SEVİL PORTAKALI Elma, vişne, çilek, şeftali, dut, kiraz, erik, kayısı, incir, ahududu, avokado, armut, muz, kestane, ayva, nar, karpuz, kavun, frenk inciri, üzüm, böğürtlen, likapa (yaban mersini), frenk üzümü, kızılcık, kocayemiş, zeytin... Antep fıstığı, badem, ceviz, çam fıstığı, fındık, pikan cevizi... Turunç, ağaç kavunu, bergamut, greyfurt, kamkat (kumkuat), limon, mandalina, misket limonu, portakal... Ahlar, akdiken, hurma, hünnap, iğde, kuşburnu, menengiç, alıç, ardıç ve andız, çitlembik, demirhindi, gilaburu, güvey feneri, karamuk, karayemiş, keçiboynuzu, meşe palamutu, muşmula, mürver, trabzon hurması, üvez, yaban mersini, yenidünya... Ananas, hindistan cevizi, kivi, mango, papaya... Peki, bu meyve dediğimizi hali ile yeme dışındaki haller nelerdir?

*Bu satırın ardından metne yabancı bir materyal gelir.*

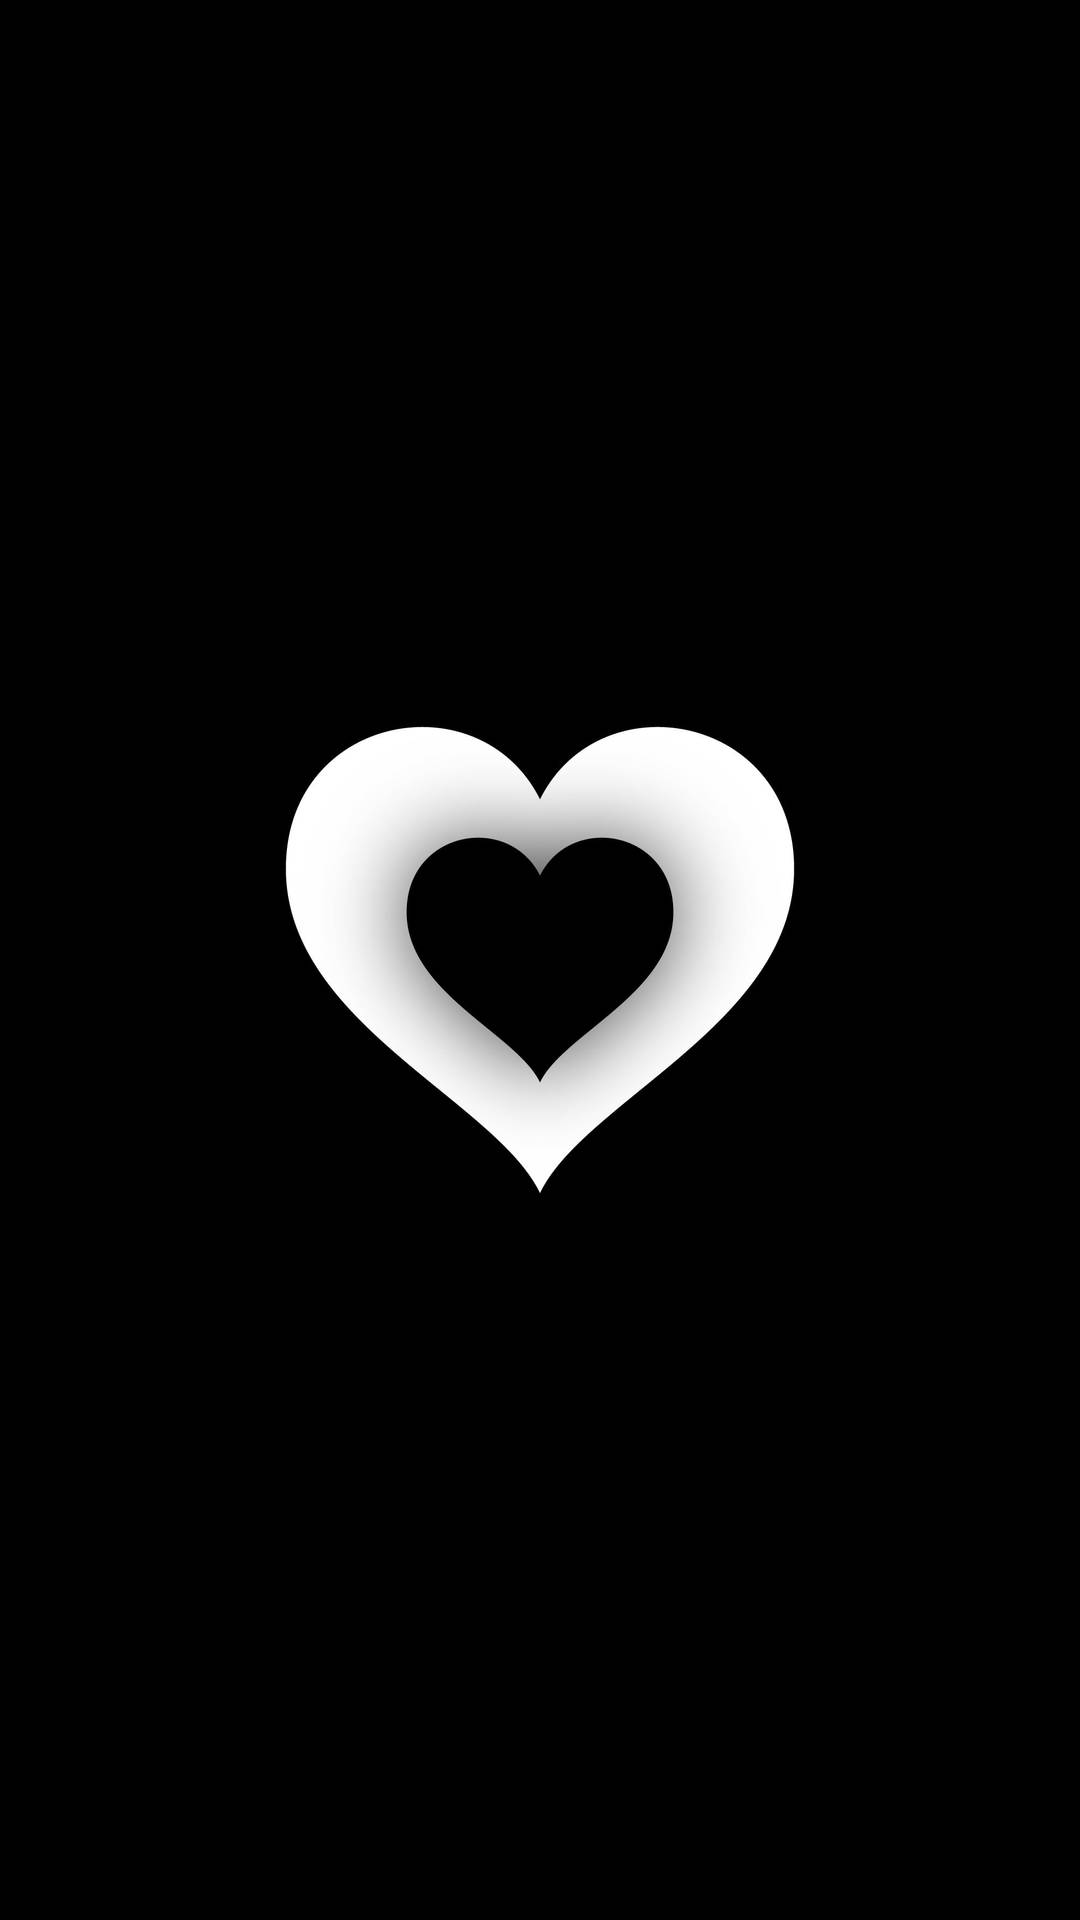 Double Black And White Heart

Yazar onu da sunmakta: Meyve pişirme/hazırlama/kullanma yolları: Şurupta pişirme, komposto şeklinde haşlama, ızgarada pişirme, fırında pişirme, soteleme, kızartma, püre yapma, karamelize etme, kurutma, konserve yapımı, reçel/marmelat yapımı, şurup yapımı, meyve aromalı şekerler, likör yapımı, pekmez yapımı, turşu yapımı, meyveli süt/yoğurt/ayran, sıcak veya soğuk meyveli içecekler, meyveli dondurmalar. Gelelim gözdemize: Turunca. "Akdeniz'de turunç ağacının tarihçesine bakacak olursak anavatanının Hindistan olduğunu, kimi kaynaklarda ise ilk olarak Malezya'da ortaya çıkıp oradan Hindistan'a göç ettiği görürüz. Avrupa'ya İspanya'nın Seville kentinden yayılmış olması bu acı, çiğ olarak yiyemediğimiz, ancak reçelinden ve şekerlemelerinden tutun da ekşisine kadar vazgeçemediğimiz portakal rengi meyvenin İngilizce'de "Sevil portakalı" (Seville Orange) adıyla anılmasını sağlamıştır." Tek başına yenmese de pek çok liköre aromasını veren turunç, çiçekleriyle de pek çok şaire ilham vermiştir. Baharda güneyli kentleri, kasaba ve köyleri kaplayan narenciye çiçeği kokusu turunçtur.